Going through the entries below, count each line containing the word "Images". Report the number only.

Items from a data source »
----
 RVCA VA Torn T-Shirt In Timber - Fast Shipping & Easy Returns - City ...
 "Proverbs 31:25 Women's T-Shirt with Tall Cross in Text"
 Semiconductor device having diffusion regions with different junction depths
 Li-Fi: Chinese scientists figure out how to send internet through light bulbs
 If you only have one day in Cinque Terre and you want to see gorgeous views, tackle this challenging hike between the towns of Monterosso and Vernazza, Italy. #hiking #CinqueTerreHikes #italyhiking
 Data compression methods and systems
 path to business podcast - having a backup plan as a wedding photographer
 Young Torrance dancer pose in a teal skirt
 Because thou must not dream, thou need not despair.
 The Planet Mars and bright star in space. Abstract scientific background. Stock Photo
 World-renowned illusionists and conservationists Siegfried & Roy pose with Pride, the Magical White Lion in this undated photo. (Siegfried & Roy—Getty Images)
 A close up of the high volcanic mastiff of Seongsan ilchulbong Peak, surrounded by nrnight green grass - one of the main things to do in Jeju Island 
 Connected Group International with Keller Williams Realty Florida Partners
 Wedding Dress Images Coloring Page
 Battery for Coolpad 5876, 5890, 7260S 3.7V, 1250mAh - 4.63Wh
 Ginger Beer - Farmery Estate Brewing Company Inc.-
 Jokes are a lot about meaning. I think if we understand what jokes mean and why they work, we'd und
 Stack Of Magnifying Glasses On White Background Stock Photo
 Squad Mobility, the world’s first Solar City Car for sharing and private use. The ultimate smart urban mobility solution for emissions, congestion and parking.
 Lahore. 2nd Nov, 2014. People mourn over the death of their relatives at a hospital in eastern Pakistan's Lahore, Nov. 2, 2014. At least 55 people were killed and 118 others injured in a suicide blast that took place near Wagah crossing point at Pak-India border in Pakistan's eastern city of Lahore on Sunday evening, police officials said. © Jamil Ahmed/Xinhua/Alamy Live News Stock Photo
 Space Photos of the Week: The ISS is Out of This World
----
Problem solution » 2